Exercise — Leave out the pictures and reproduce all of the data exactly.

Source data —
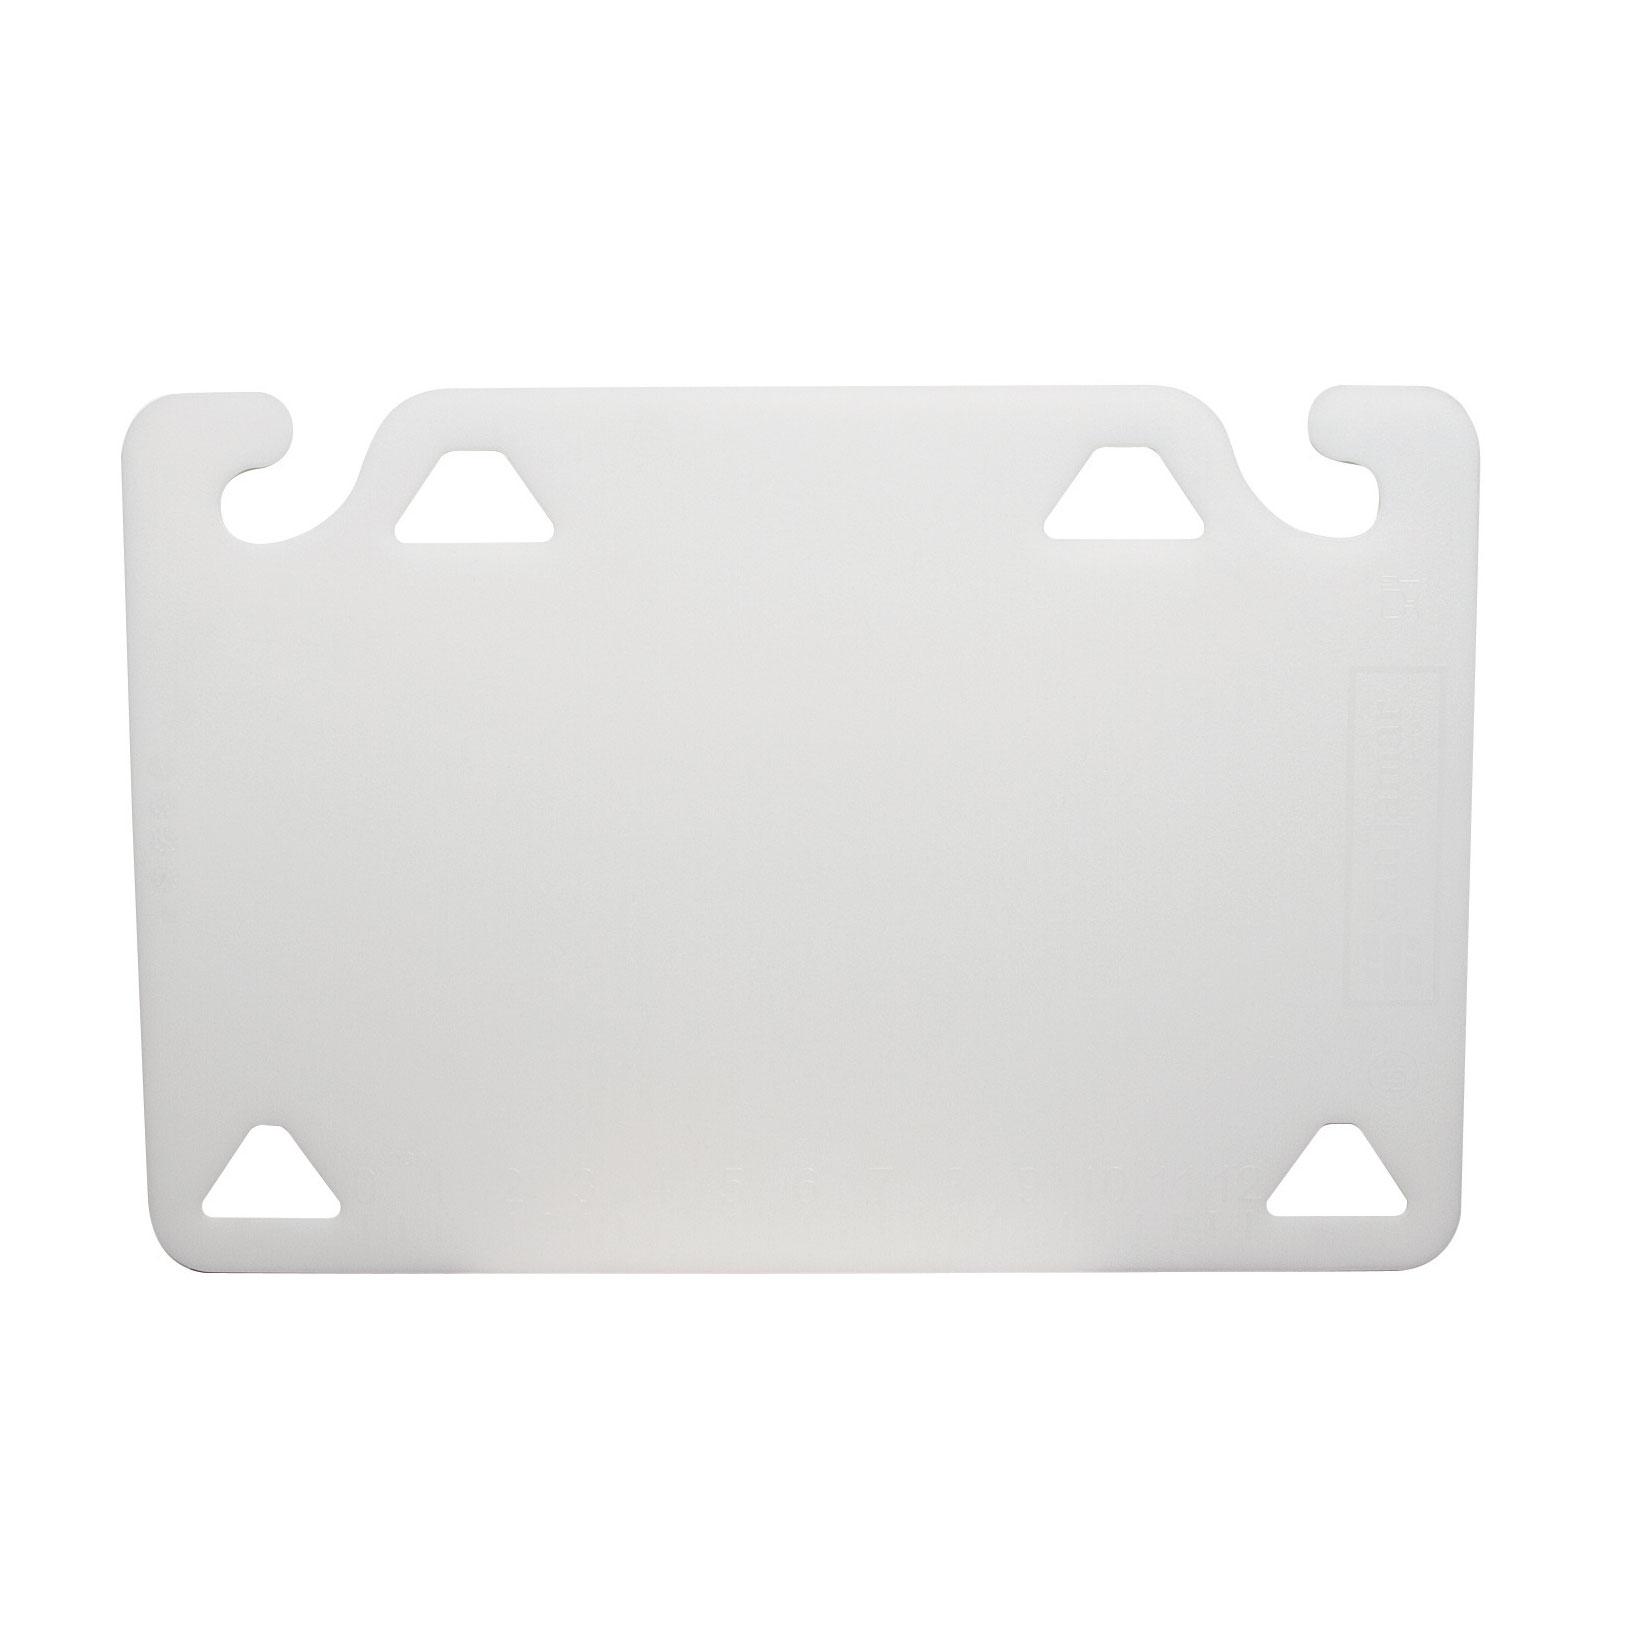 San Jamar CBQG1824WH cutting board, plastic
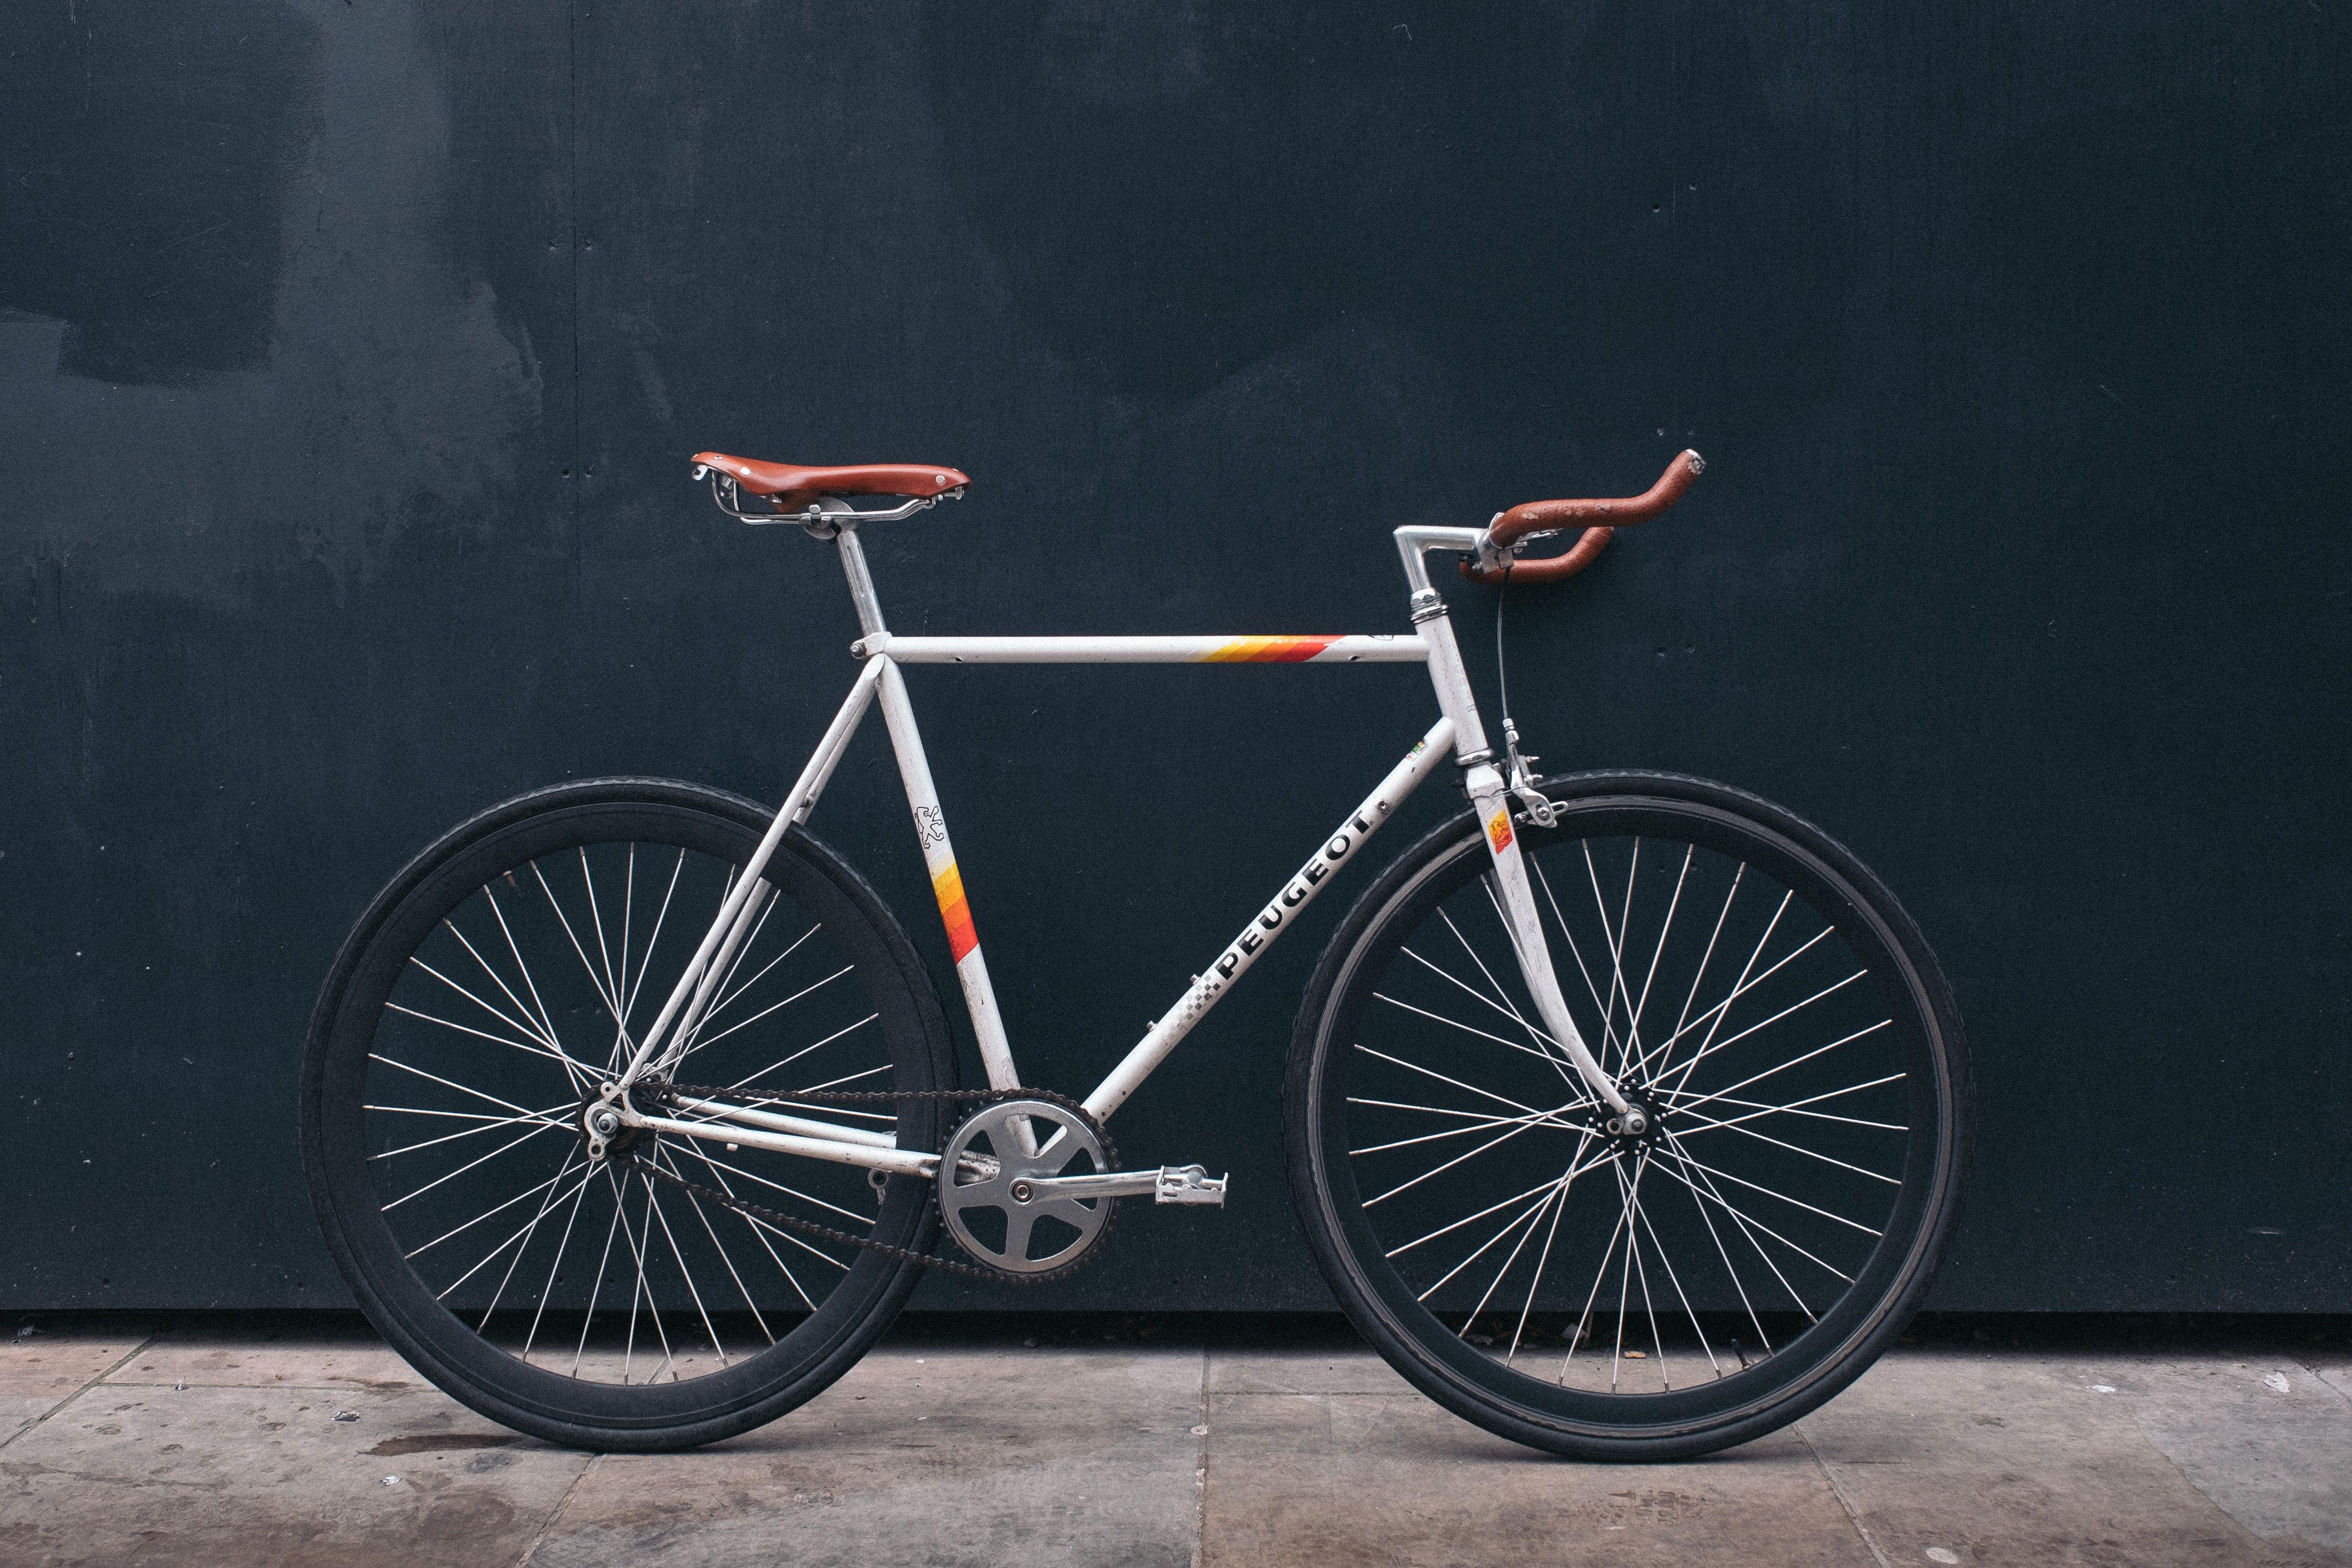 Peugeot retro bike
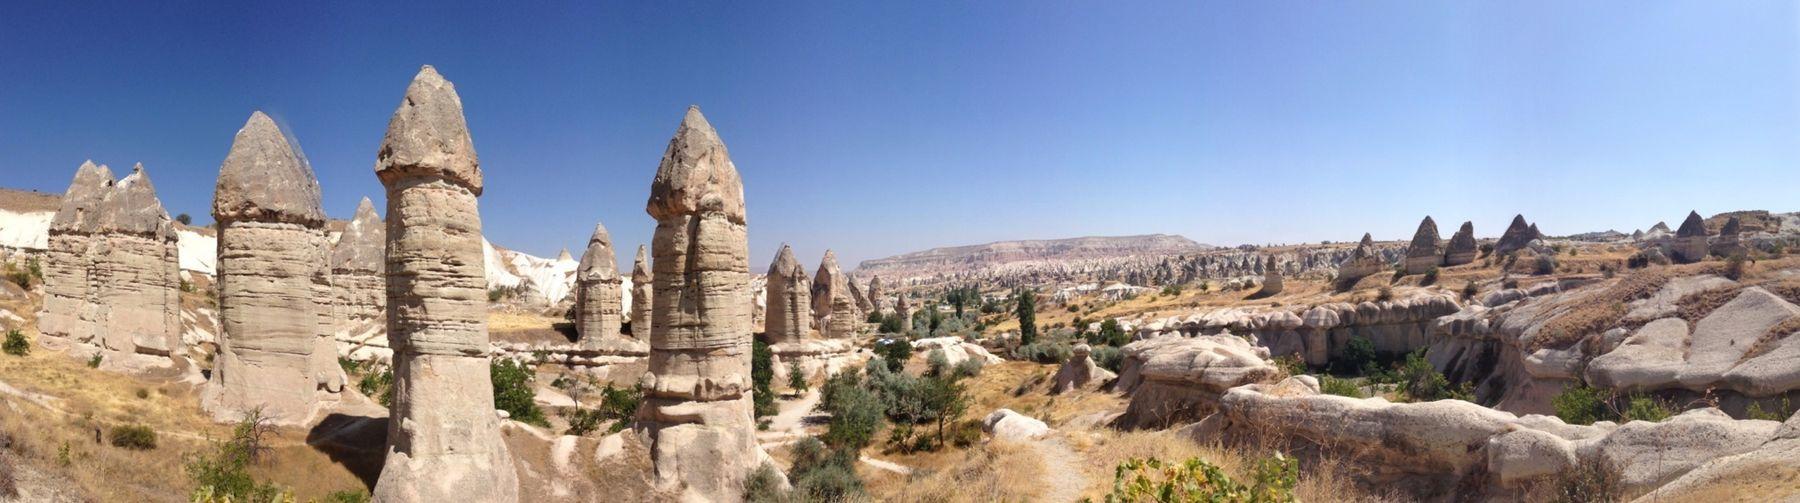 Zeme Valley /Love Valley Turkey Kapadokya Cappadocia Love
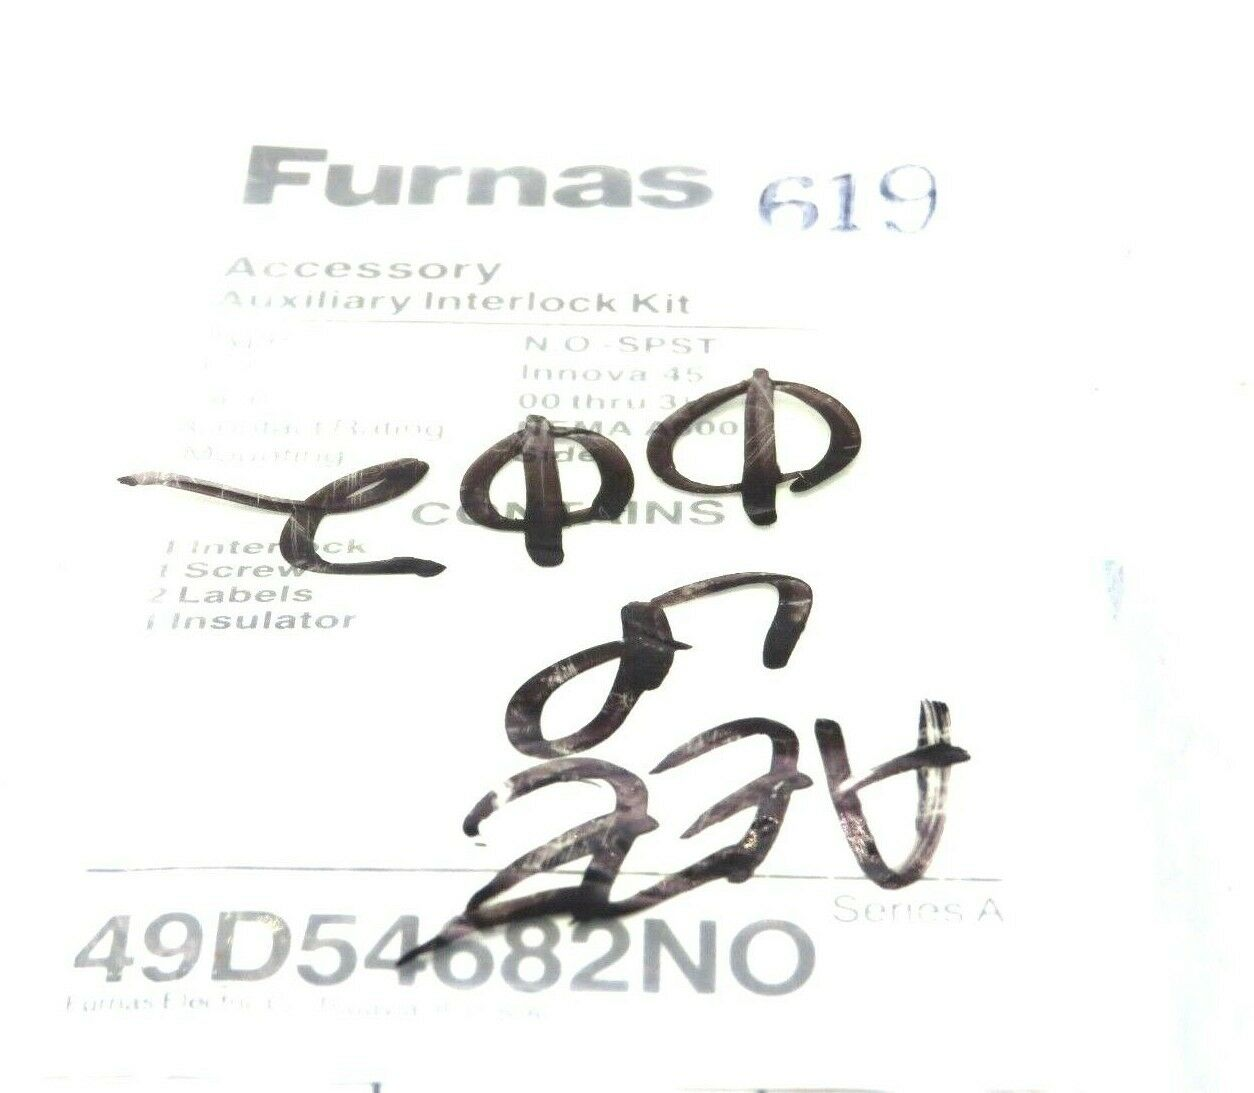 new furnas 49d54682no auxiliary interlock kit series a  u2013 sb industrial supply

Output for this task —
 San Jamar CBQG1824WH cutting board, plastic
 Peugeot retro bike
 Zeme Valley /Love Valley Turkey Kapadokya Cappadocia Love
 new furnas 49d54682no auxiliary interlock kit series a  u2013 sb industrial supply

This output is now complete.